Erwin Neher

Erwin Neher

Erwin Neher (2007)
Born 20 March 1944
Landsberg am Lech, Bavaria, Germany
Nationality German
Fields biophysics
Institutions University of Göttingen
University of Wisconsin–Madison
Yale University
Max Planck Institute for Biophysical Chemistry
Alma mater Technical University of Munich
University of Wisconsin-Madison
Academic advisors Charles F. Stevens
Known for patch clamp
Notable awards Nobel Prize in Physiology or Medicine (1991)
Gottfried Wilhelm Leibniz Prize (1987)
Louisa Gross Horwitz Prize (1986)

Erwin Neher (born 20 March 1944) is a German biophysicist.

Early life and education

Neher was born in Landsberg am Lech, Upper Bavaria, the son of Elisabeth (née Pfeiffer), a teacher, and Franz Xaver Neher, an executive at a dairy company.[1] He studied physics at the Technical University of Munich from 1963 to 1966.

In 1966, he was awarded a Fulbright Scholarship to study in the US. He spent a year at the University of Wisconsin–Madison, and earned a Masters Degree in Biophysics.

In 2003 Neher was one of 22 Nobel Laureates who signed the Humanist Manifesto.[2]

Career

In 1986, he was awarded the Louisa Gross Horwitz Prize from Columbia University together with Bert Sakmann. In 1987, he received the Gottfried Wilhelm Leibniz Prize of the Deutsche Forschungsgemeinschaft, which is the highest honour awarded in German research. Along with Bert Sakmann, he was awarded the Nobel Prize in Physiology or Medicine in 1991 for "their discoveries concerning the function of single ion channels in cells".[3] Neher and Sakmann were the first to record the currents of single ion channels on a live cell (they were first recorded using the lipid bilayer method) through their development of the patch-clamp technique,[4][5][6][7] a project Neher began as a postdoctoral associate in the laboratory of Charles F. Stevens at Yale.

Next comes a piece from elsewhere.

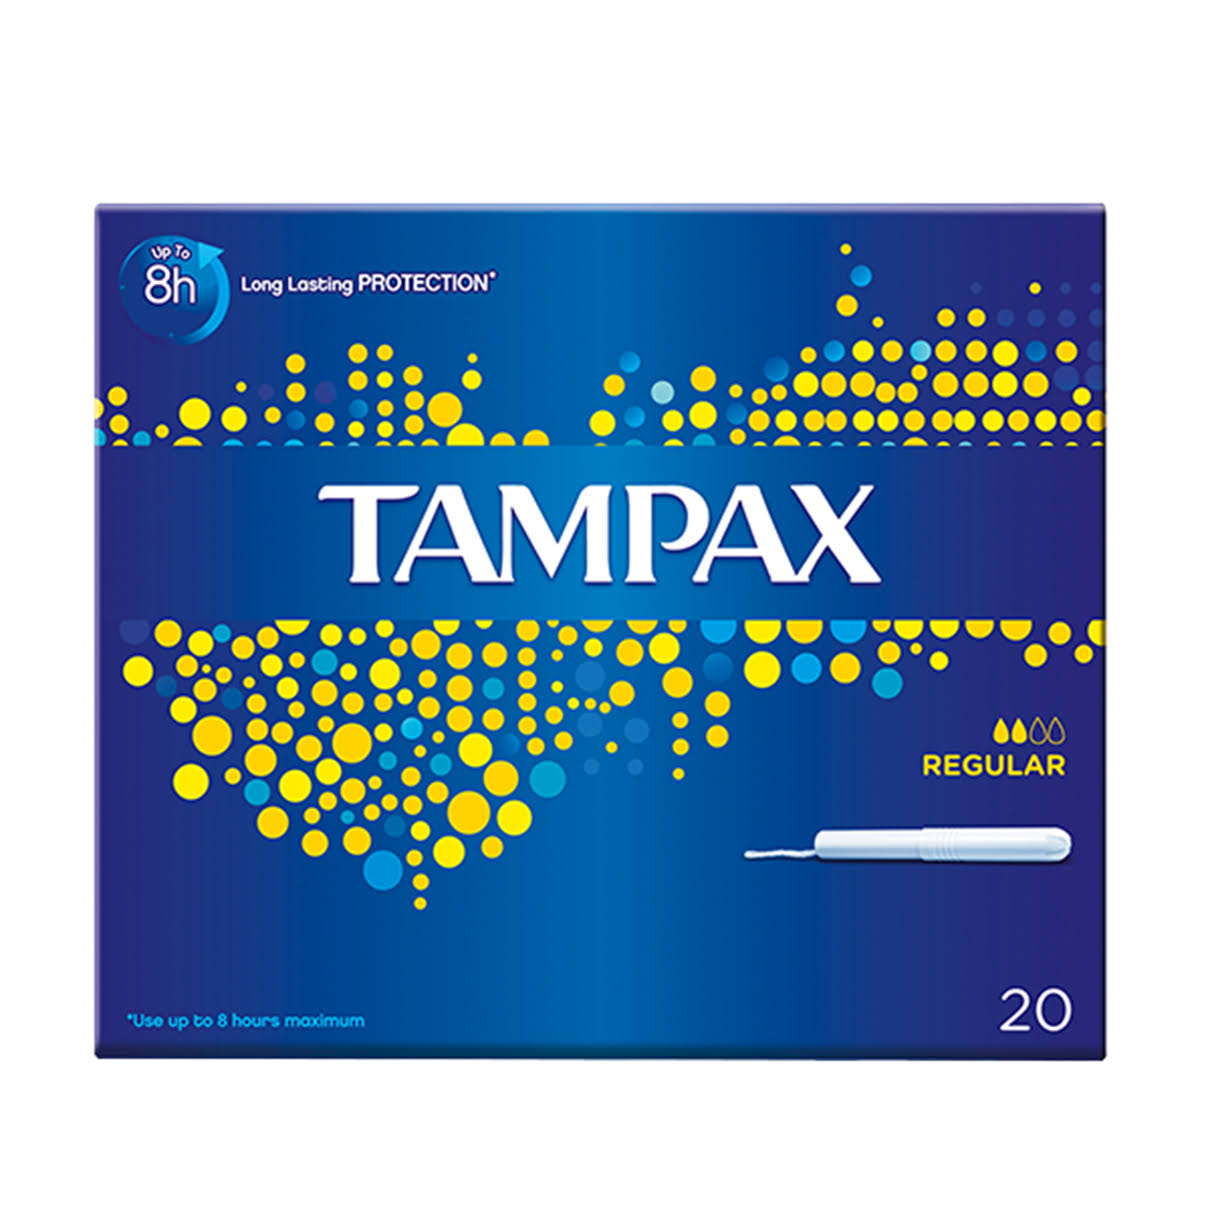 Tampax Super Tampons Applicator Cardboard - 20pk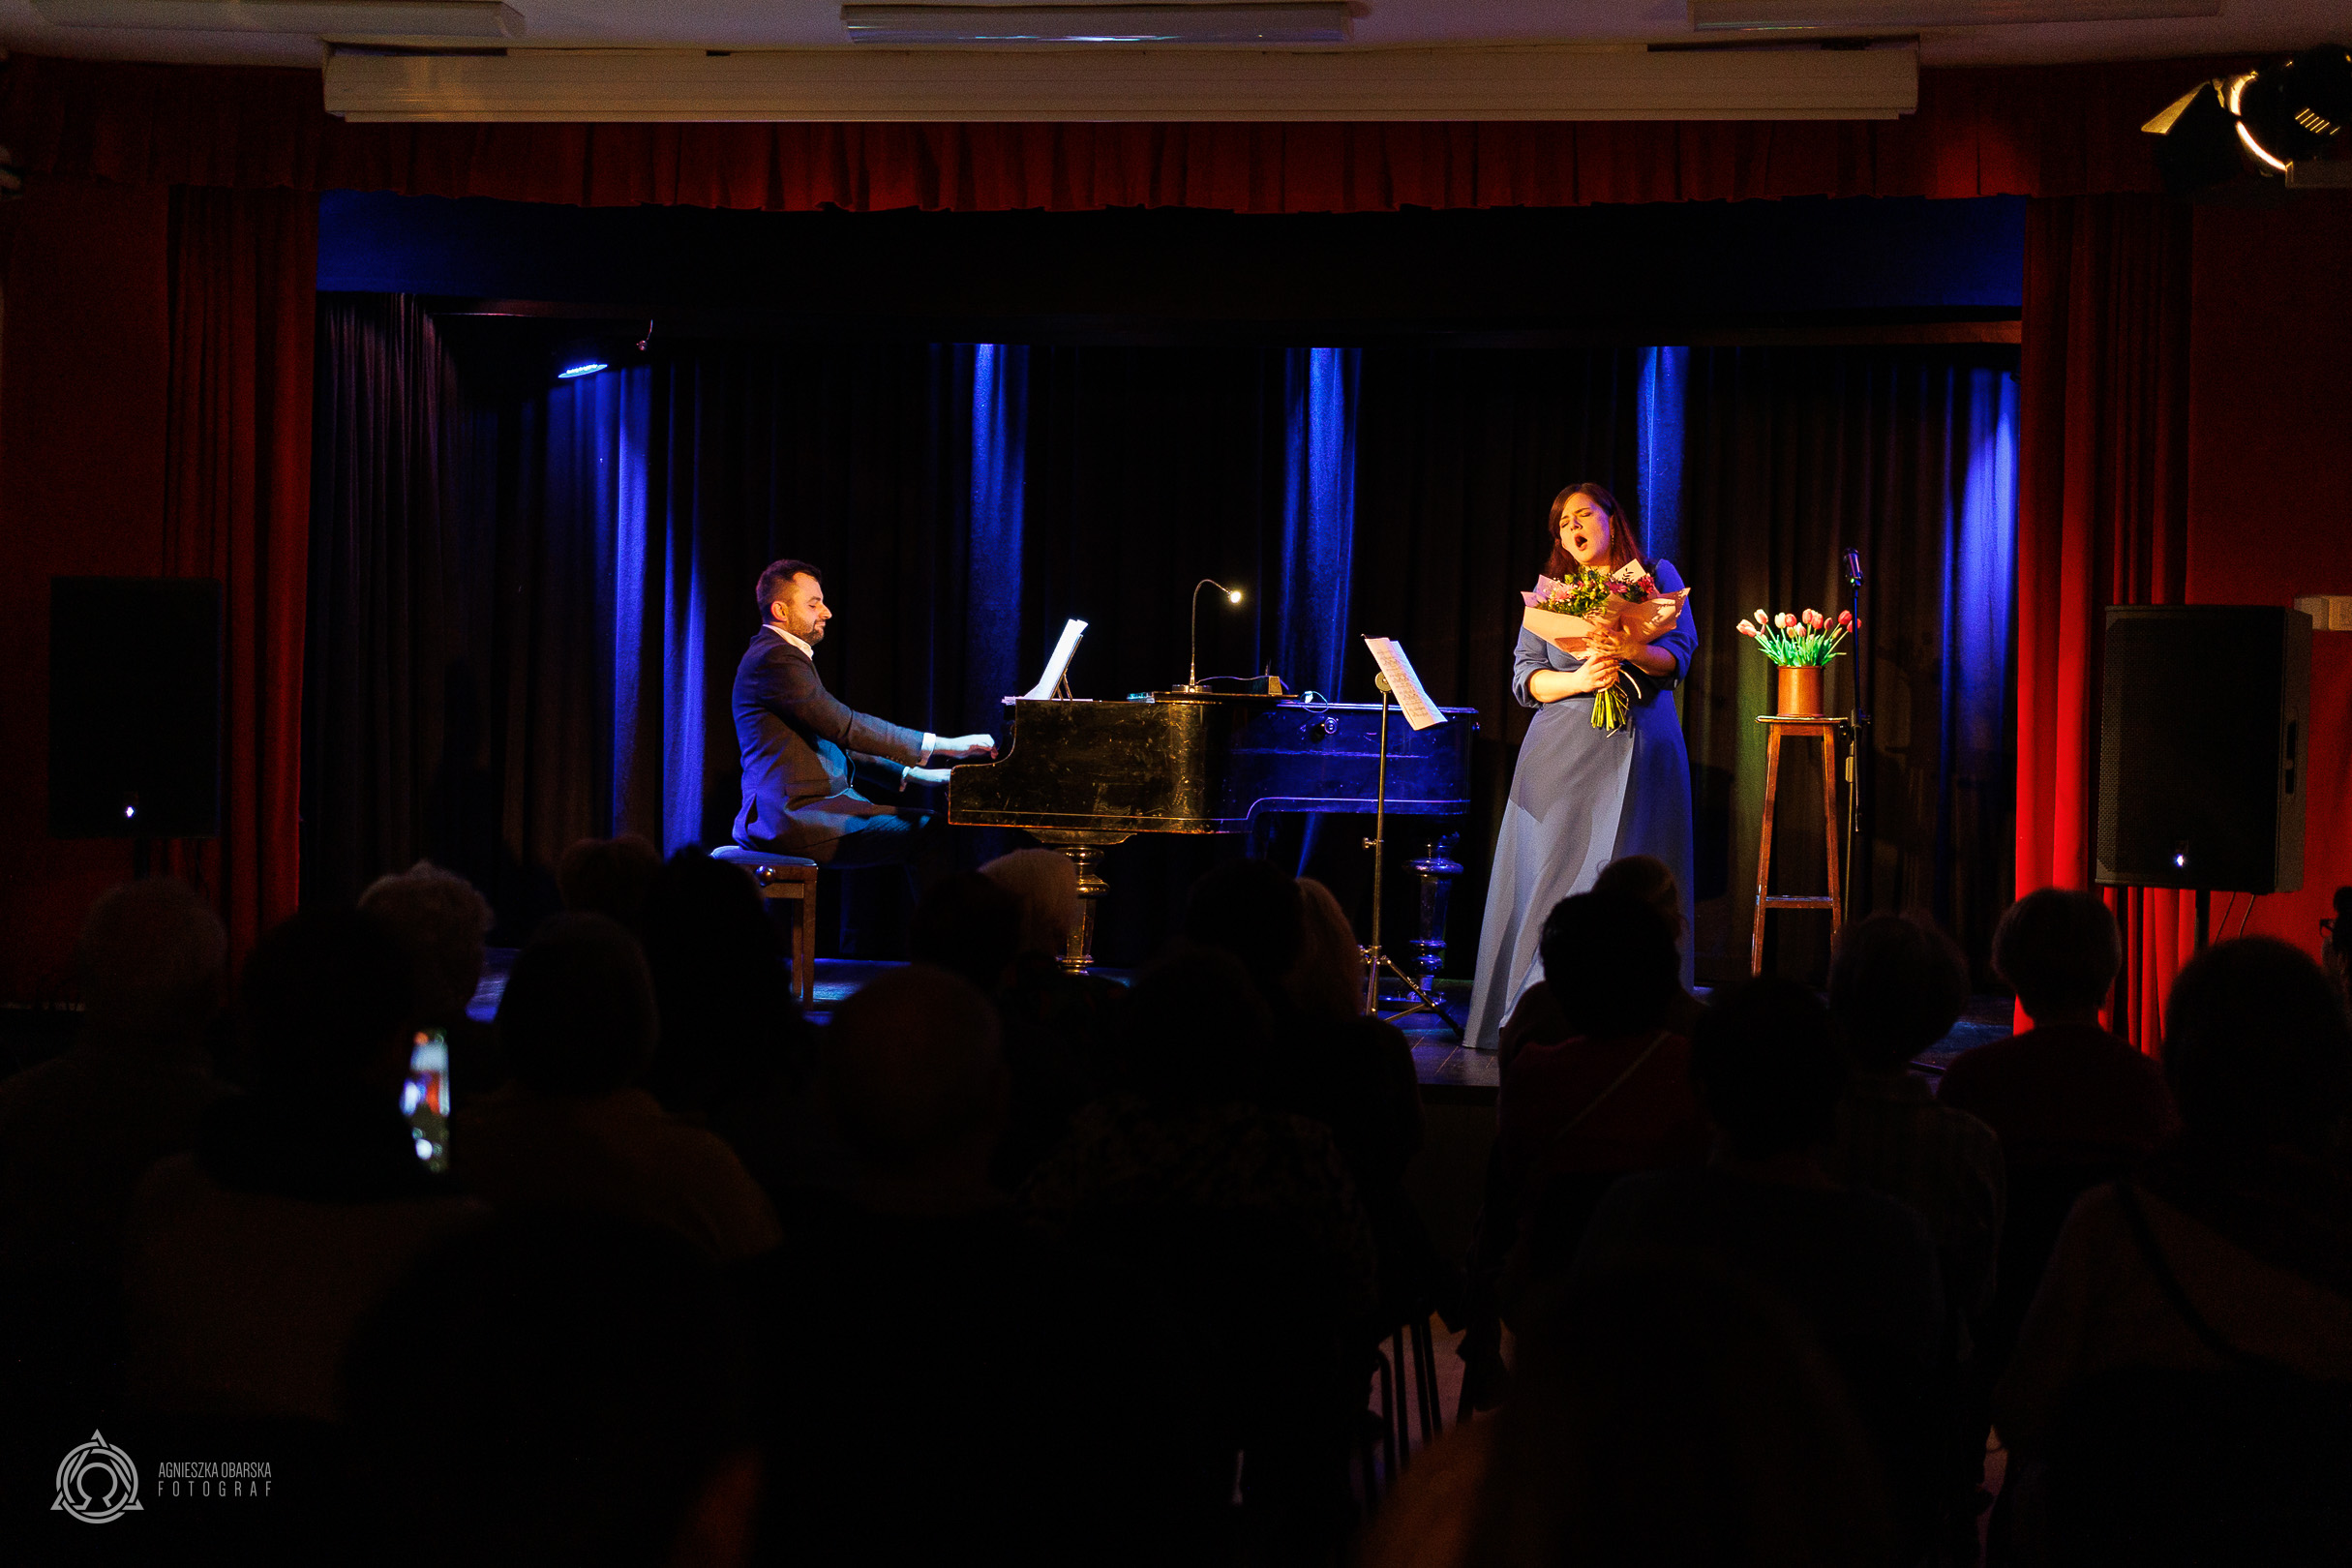 Ubrana w niebieską sukienkę kobieta śpiewa na scenie do muzyki granej na fortepianie, przez ubranego w garnitur mężczyznę.

He is now a director at the Max Planck Institute for Biophysical Chemistry in Göttingen and heads its Department for Membrane Biophysics. He is also a Professor at the University of Göttingen and a co-chair of the Bernstein Center for Computational Neuroscience Göttingen.

Honors

References

  1. http://www.nobelprize.org/nobel_prizes/medicine/laureates/1991/neher-bio.html
  2. "Notable Signers". Humanism and Its Aspirations. American Humanist Association. Retrieved October 4, 2012.
  3. "The Nobel Prize in Physiology or Medicine 1991". Nobelprize.org. Retrieved 16 May 2011.
  4. Neher E, Sakmann B (March 1992). "The patch clamp technique". Scientific American 266 (3): 44–51. doi:10.1038/scientificamerican0392-44. PMID 1374932.
  5. Neher E (1992). "Correction for liquid junction potentials in patch clamp experiments". Methods in Enzymology. Methods in Enzymology 207: 123–31. doi:10.1016/0076-6879(92)07008-C. ISBN 978-0-12-182108-1. PMID 1528115.
  6. Neher E (September 1988). "The use of the patch clamp technique to study second messenger-mediated cellular events". Neuroscience 26 (3): 727–34. doi:10.1016/0306-4522(88)90094-2. PMID 2462183.
  7. Neher E, Sakmann B, Steinbach JH (July 1978). "The extracellular patch clamp: a method for resolving currents through individual open channels in biological membranes". Pflügers Archiv 375 (2): 219–28. doi:10.1007/BF00584247. PMID 567789.